Third, cfDNA variant analysis informed by prior tumor variant analysis, the bespoke approach, improves sensitivity (12 of 23, 52%) compared with cfDNA variant analysis alone (9 of 23, 39%). Nonetheless, of the variants identified in the 23 tumor samples and not seen in cfDNA, the median VAF obtained by amplicon sequencing was 0.01%, with many tumor variants being seen in none of 18,000–100,000 reads (Table S1.4), suggesting that there was a complete absence of tumor contribution to the cfDNA. On the other hand, we identified four non-CH variants in cfDNA from three subjects, in PTEN, SETD2, PBRM1, and TP53, that were not seen in tumor variant analysis. These variants may have been subclonal in the original cancer, and not present in the tumor sample analyzed, a well-known phenomenon in RCC.26 Alternatively, they may have developed in the time between tumor biopsy and plasma cfDNA analysis.

Fourth, cfMeDIP-seq has markedly improved sensitivity (100%) for detecting patients with mRCC compared with cfDNA variant analysis (21%). The enhanced sensitivity of the cfMeDIP-seq method likely relates to the analysis of multiple genomic regions by computational means, compared with a single site in variant analysis. In addition, DNA methylation changes are more numerous in RCC than are variants, with more than ten times as many regions demonstrating aberrant DNA methylation as variants in the Cancer Genome Atlas (TCGA) analysis.9,10,11 However, we also note that 4 of 34 (12%) normal controls had methylation scores that were similar to the RCC samples, and are false positives by the cfMeDIP-seq analysis.

Fifth, a positive finding by cfDNA variant analysis is associated with a worse overall survival (Fig. 3), as seen previously in melanoma and lung cancer.27,28 However, this may be due to the strong association between tumor burden and presence of cfDNA variants. Sixth, cfDNA variant analysis may be a useful molecular tool in monitoring treatment response. Analysis of serial plasma samples revealed that there were dynamic changes in the cfDNA VAFs that correlated with response to treatment and reduction of tumor burden as assessed by imaging (Fig. 4), as seen previously in chronic lymphocytic leukemia,23 pancreatic cancer29 and melanoma,27 but not in all prior studies.30,31

Several limitations of the current study must be noted. First, our sample size was limited. Second, tumor biopsies for sequencing and cfDNA analyses were not performed concurrently, as often happens in routine clinical care. Third, only one tumor area was used for sequencing. Fourth, we limited our analysis to the 27 genes known to be involved in the different types of RCC. Fifth, it is likely that a higher sensitivity assay, capable of detecting variants at 0.1% VAF would have led to detection of cfDNA variants in a higher fraction of subjects. Sixth, although cfMeDIP-seq analysis showed 100% sensitivity and 88% specificity in identification of RCC samples in this cohort, the false positive classification of 4 of 34 normal controls as having a high methylation of RCC is of concern, and this approach requires validation in independent cohorts.

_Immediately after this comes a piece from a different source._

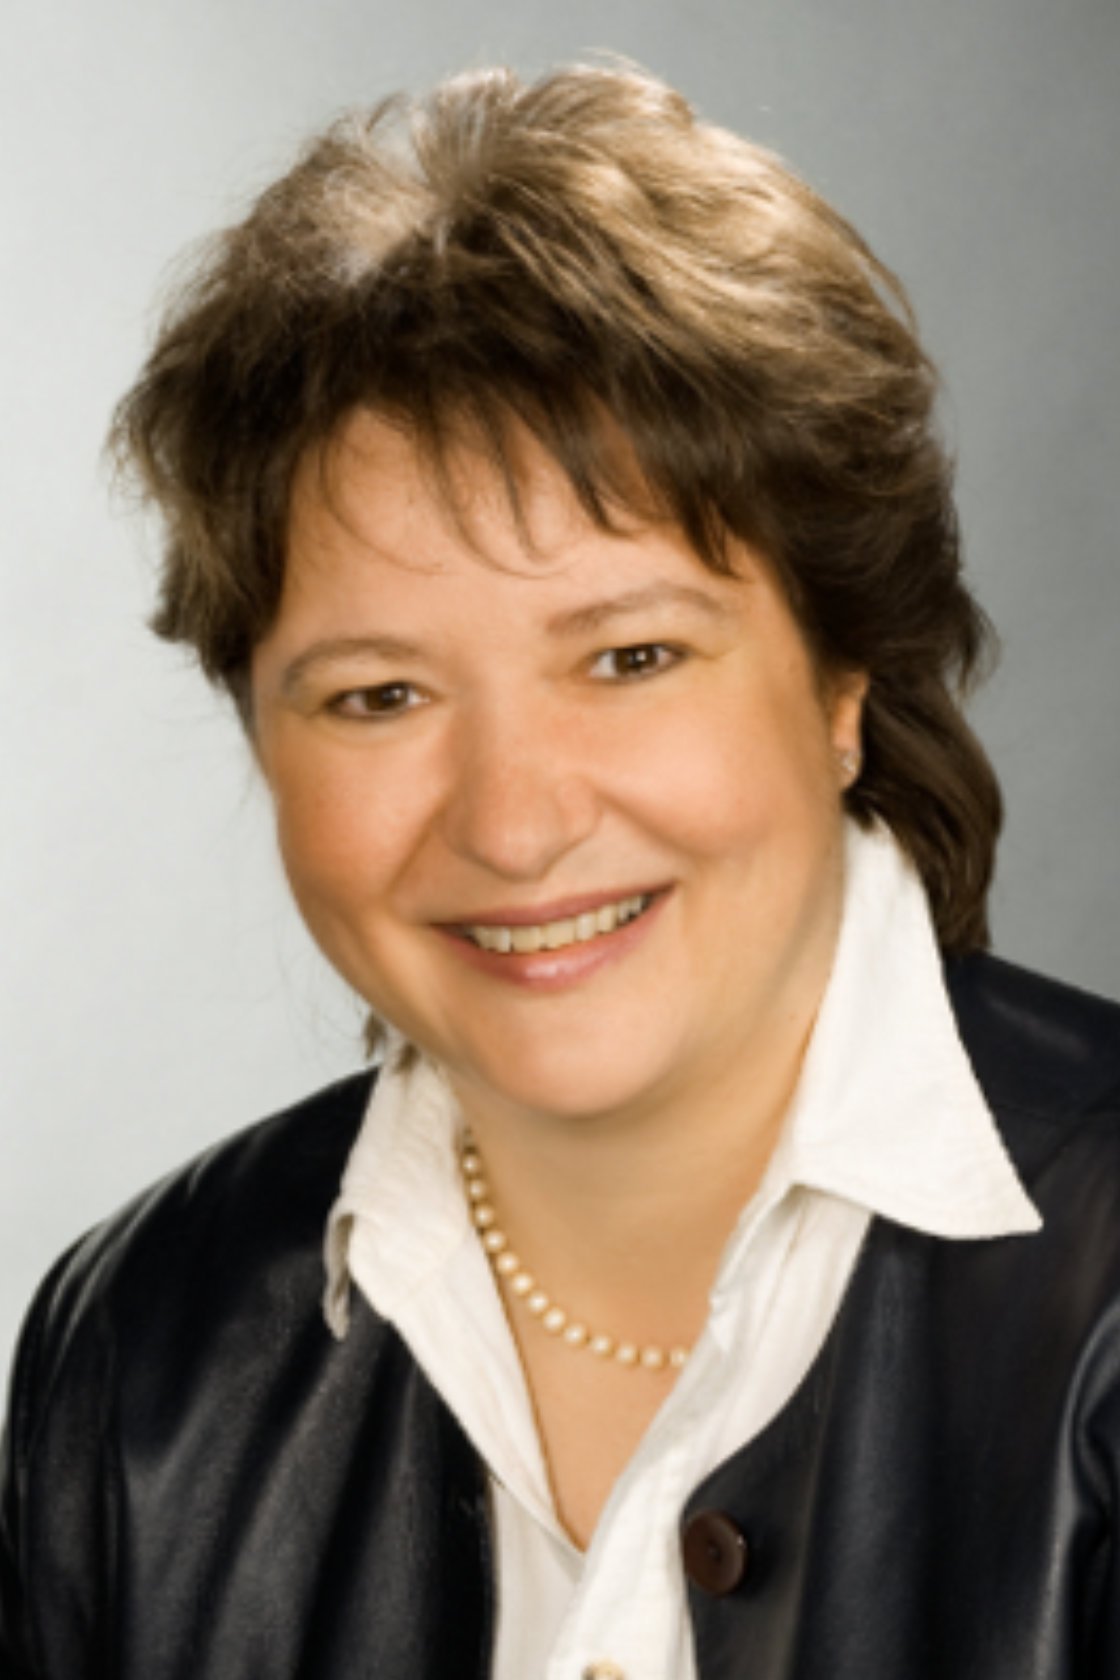 Angela Rehorst

In conclusion, we show that cfMeDIP-seq is significantly more sensitive for RCC detection in patients with metastatic disease than cfDNA variant analysis, with a 100% detection rate in our cohort at 88% specificity. Further study is needed to assess the potential sensitivity of cfMeDIP-seq for early stage RCC. Nonetheless, cfDNA variant analysis may be useful clinically in RCC patients to enable disease monitoring in response to treatment. cfDNA analysis may also detect variants not seen in earlier tumor samples due to tumor heterogeneity or clonal evolution. Last, we highlight CH as an important confounder that contributes to false positive findings in cfDNA variant analysis and emphasize the importance of concurrent leukocyte variant analysis whenever cfDNA variant analysis is done.